▶ **Exercise instructions**
Please reproduce all the data exactly as written and omit the pictures.

▶ **Data excerpt**
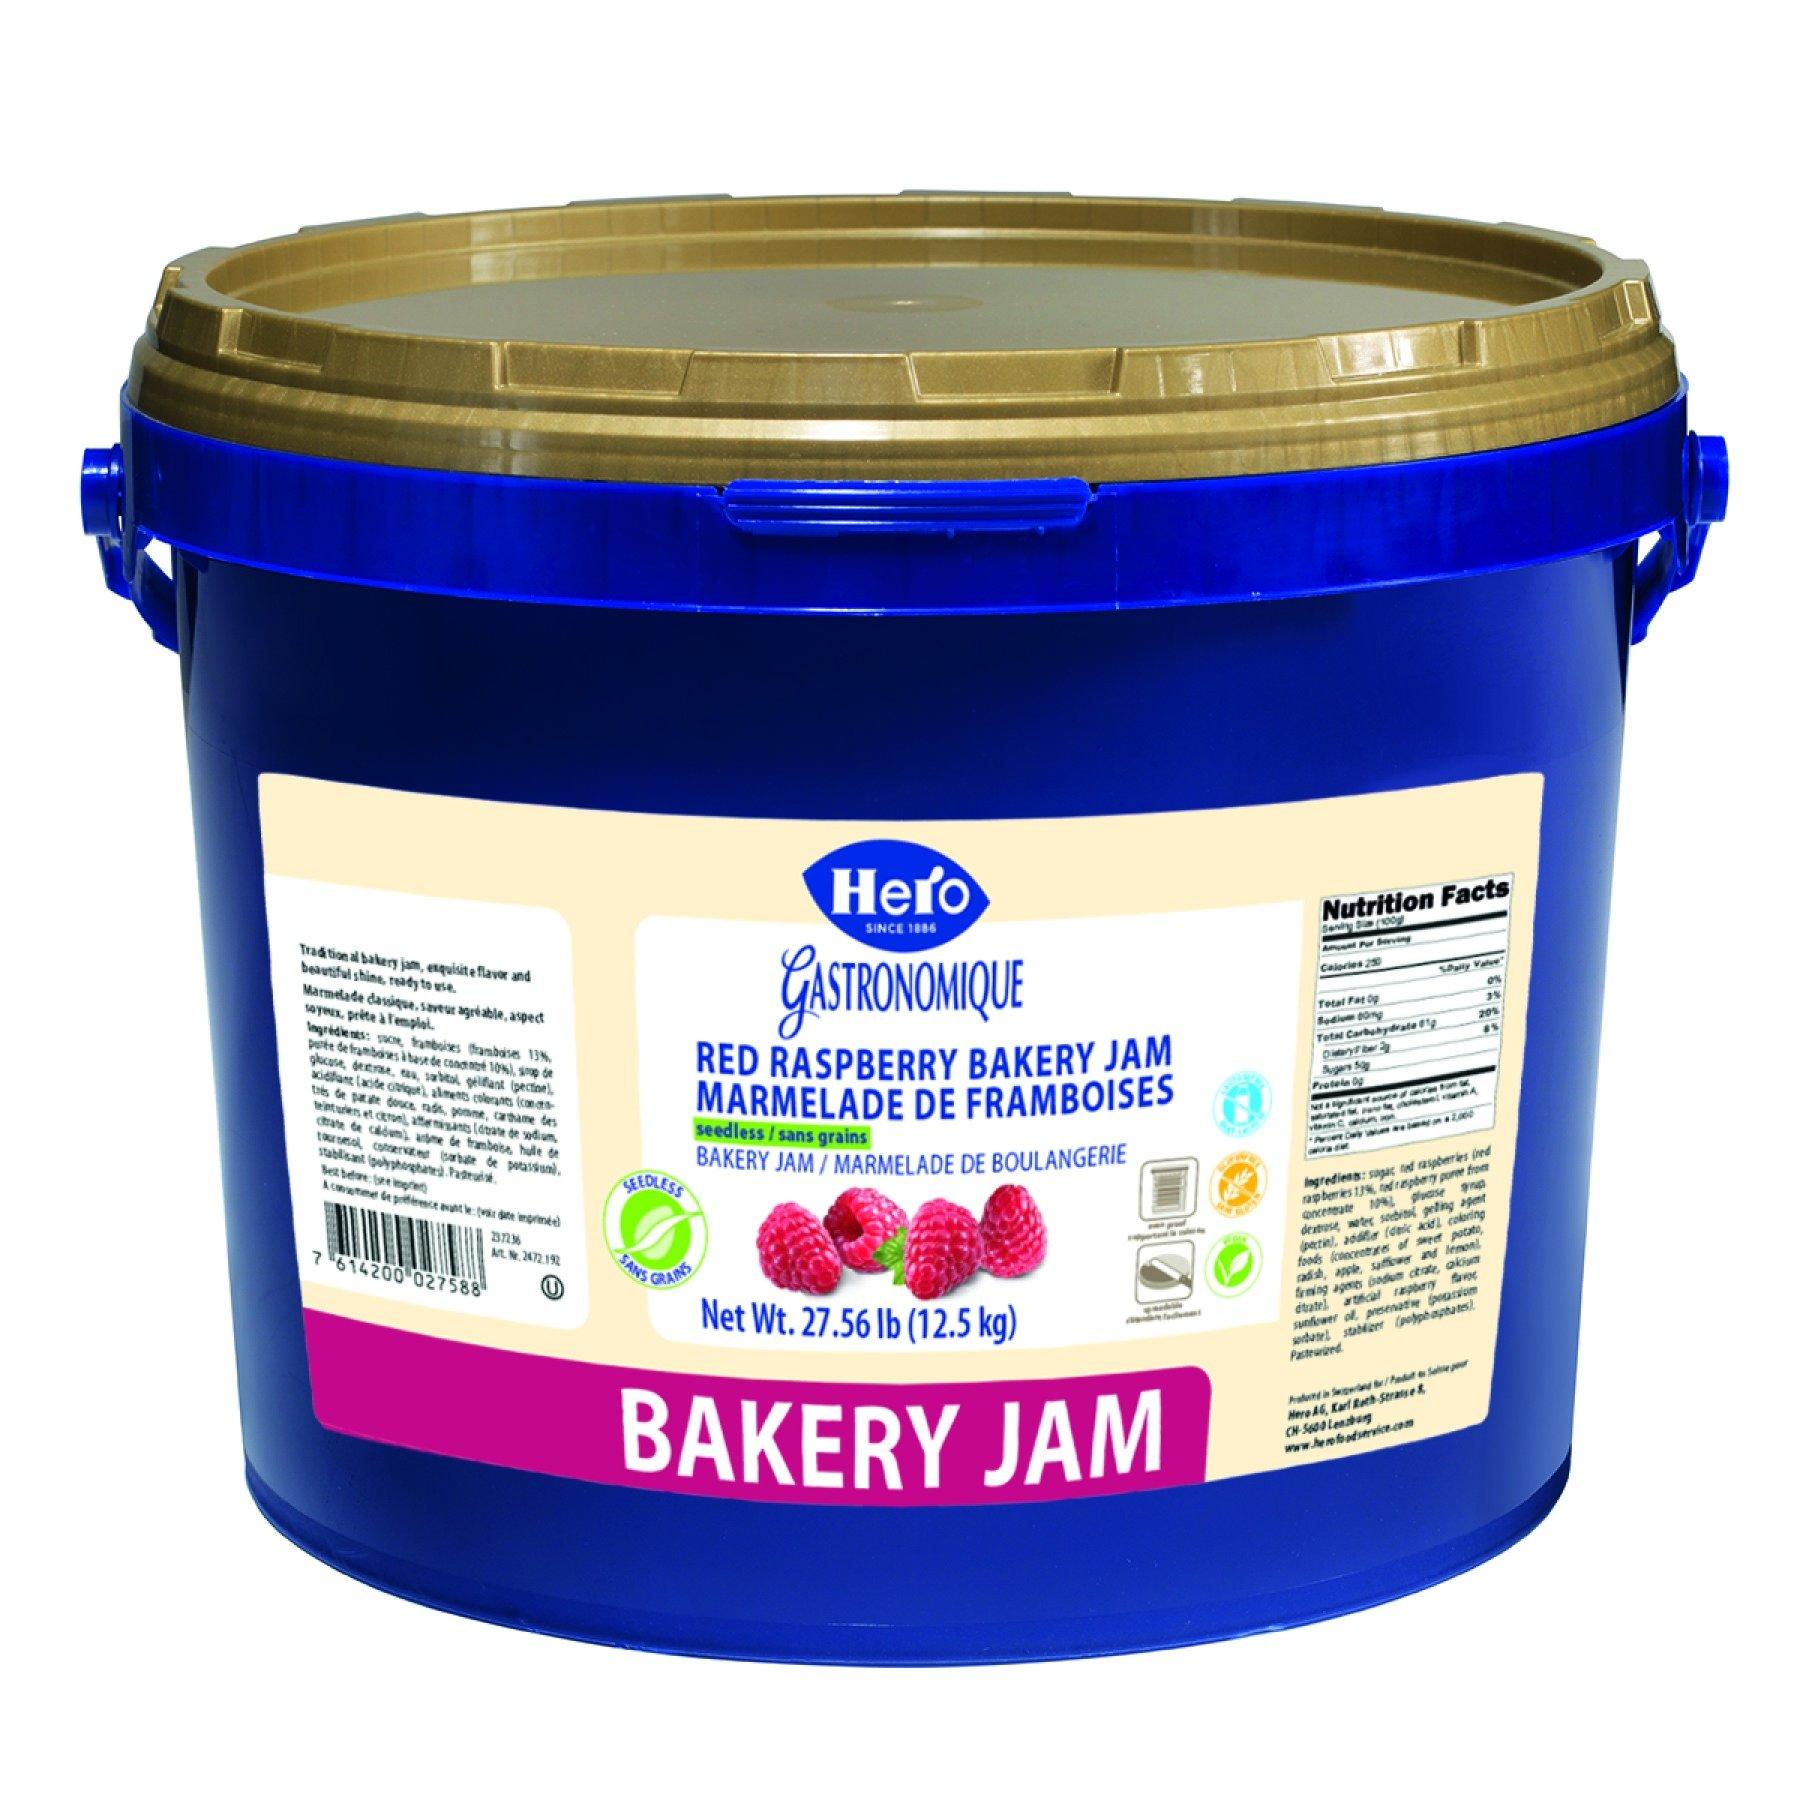 Hero Raspberry Bakery Jam, 27.56 Pound by Hero
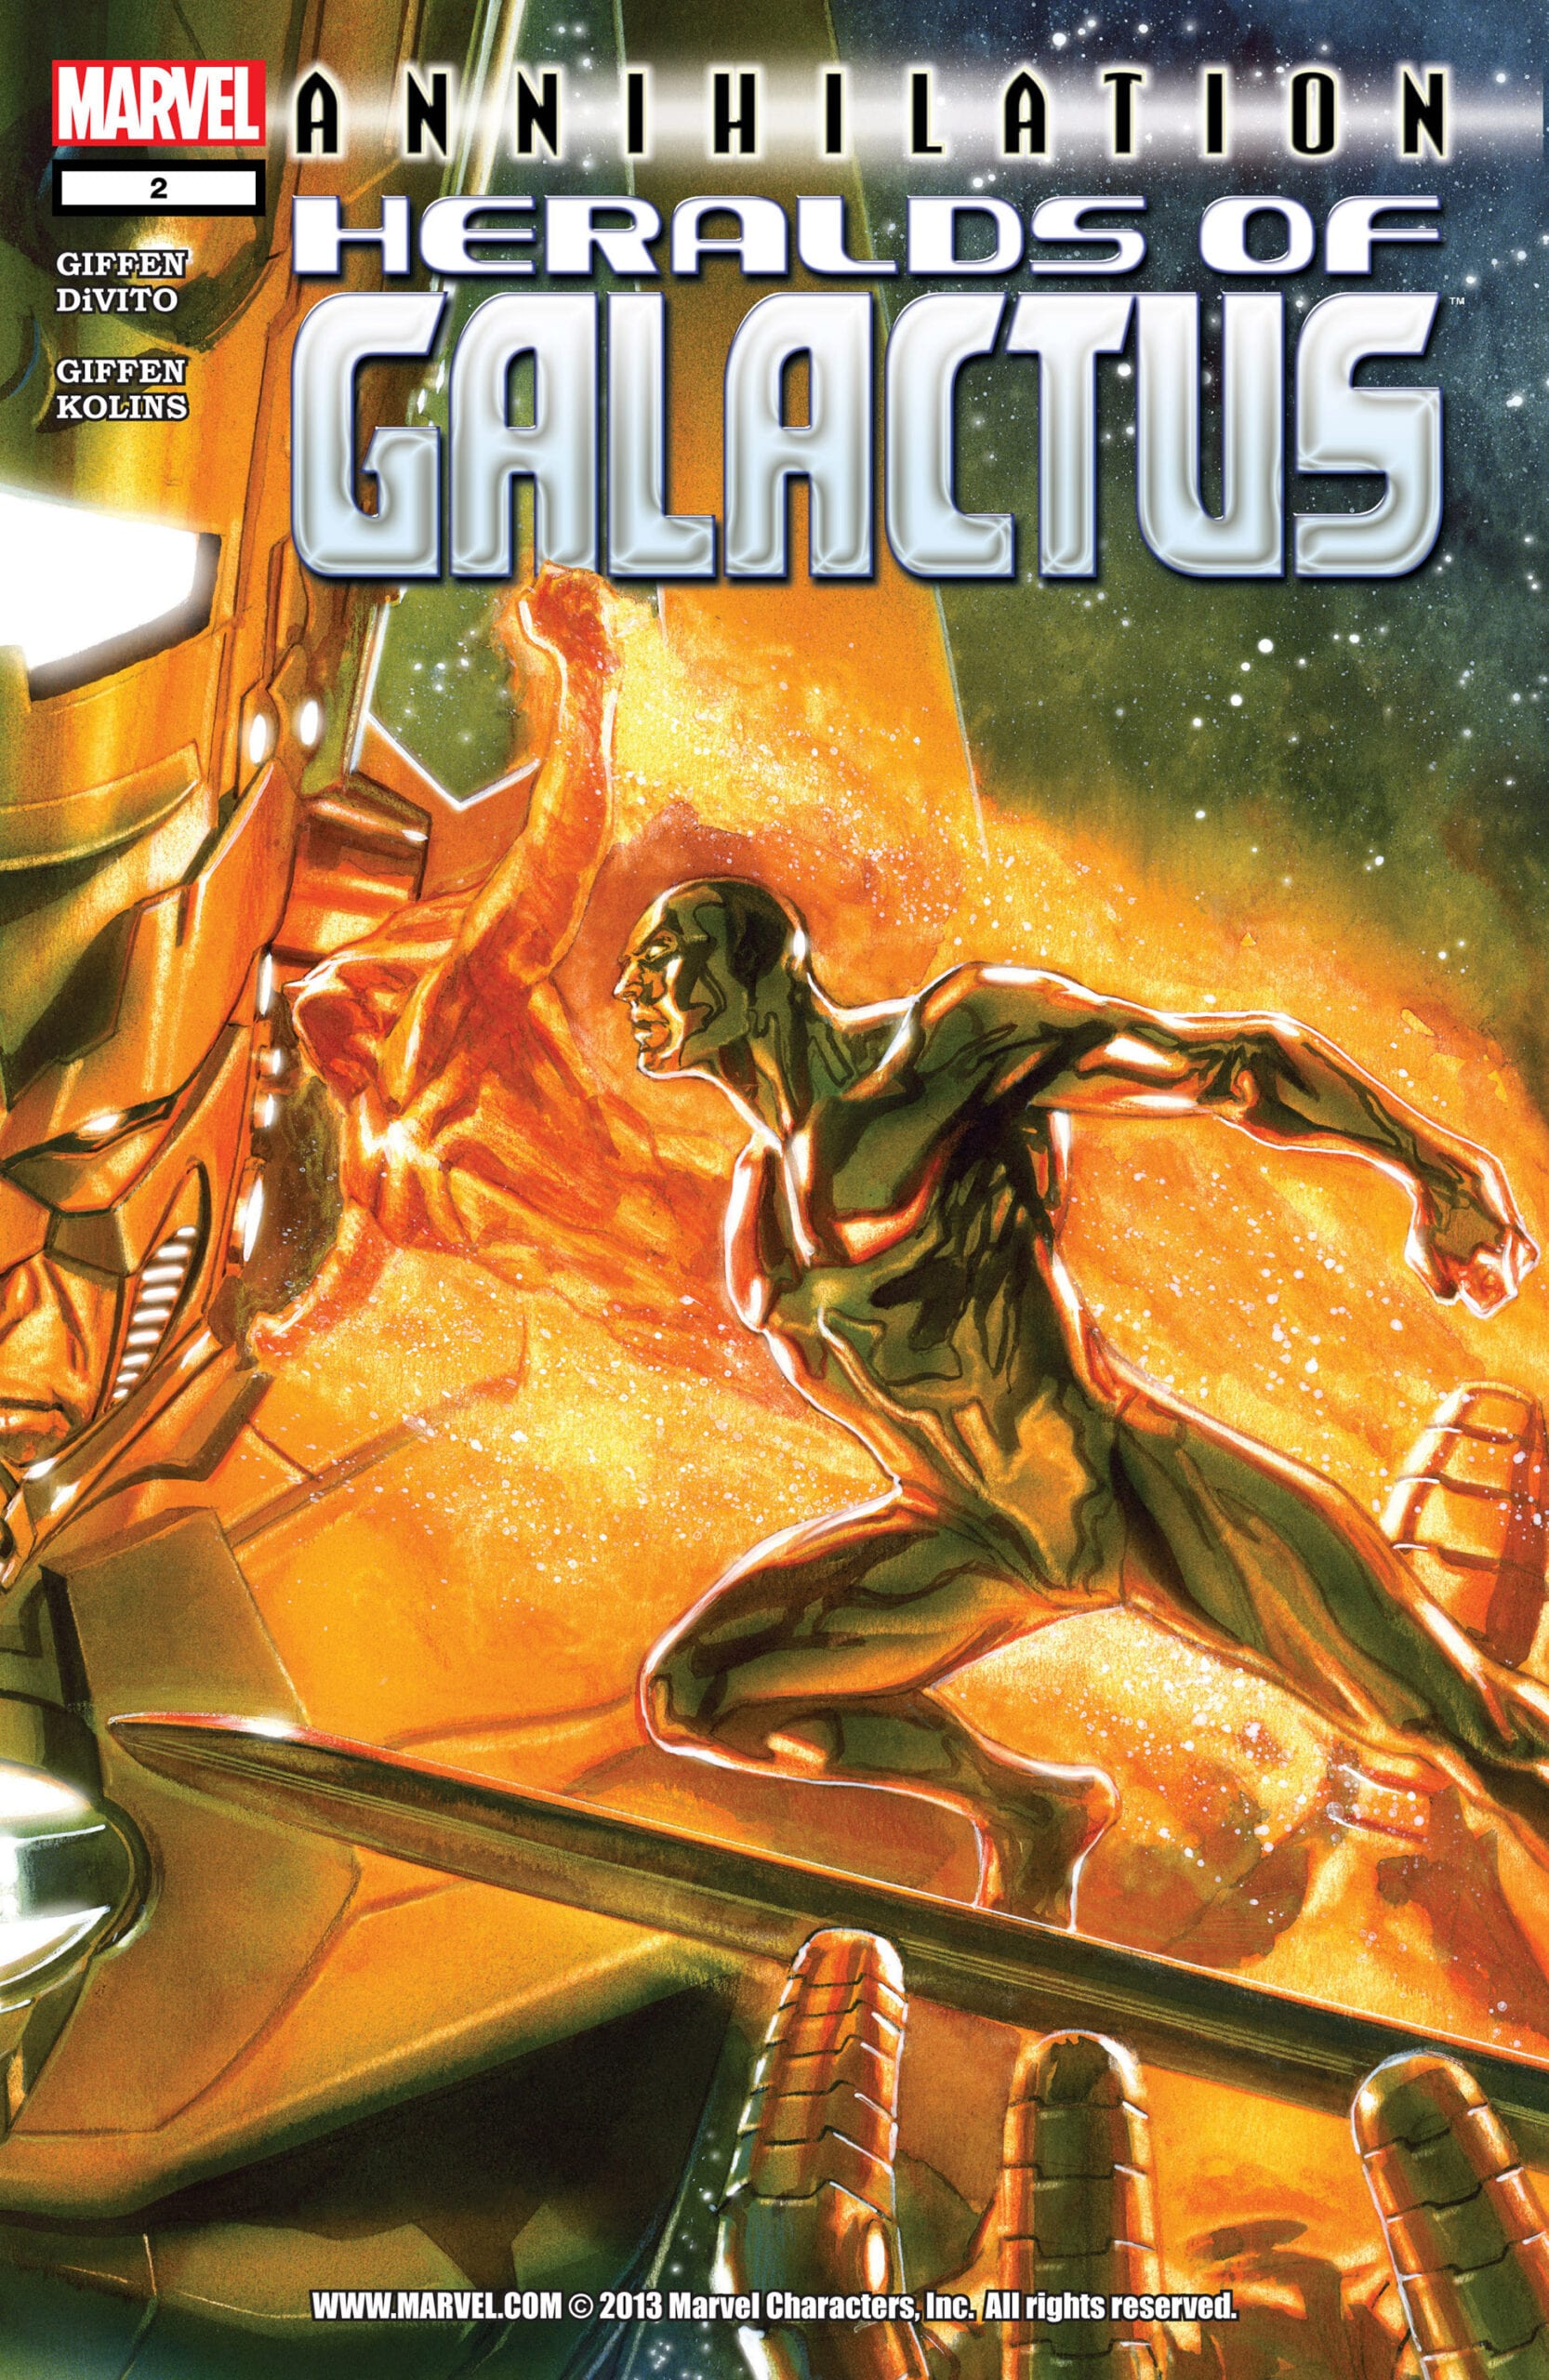 Comic completo Annihilation: Heralds of Galactus
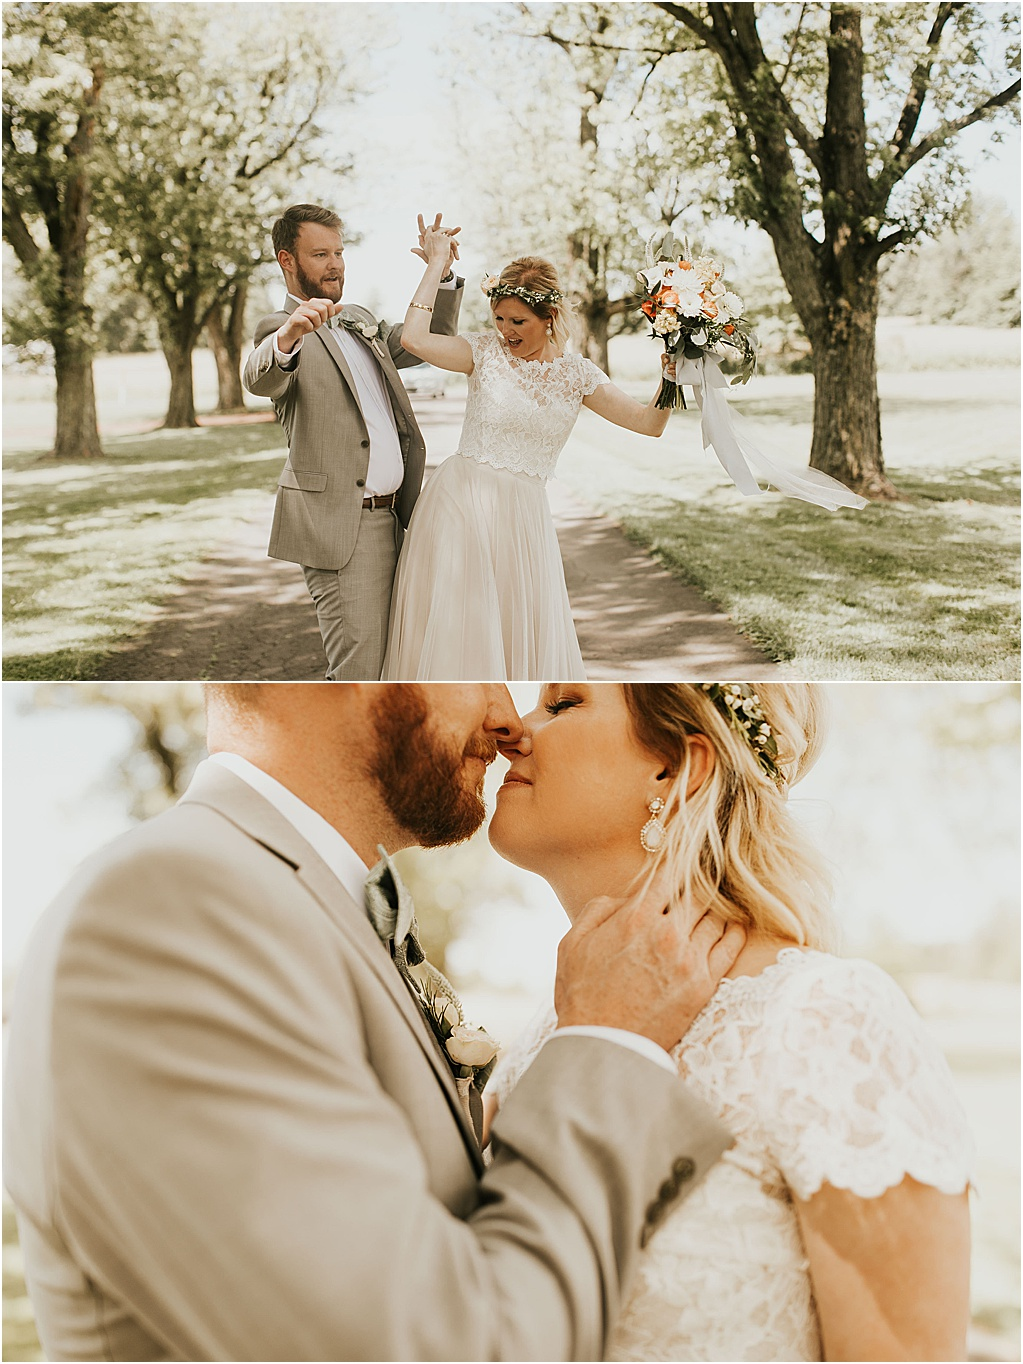 brittany_boote_pennsylvania_wedding_photographer_0433.jpg

▶ **Response**
 Hero Raspberry Bakery Jam, 27.56 Pound by Hero
 Comic completo Annihilation: Heralds of Galactus
 brittany_boote_pennsylvania_wedding_photographer_0433.jpg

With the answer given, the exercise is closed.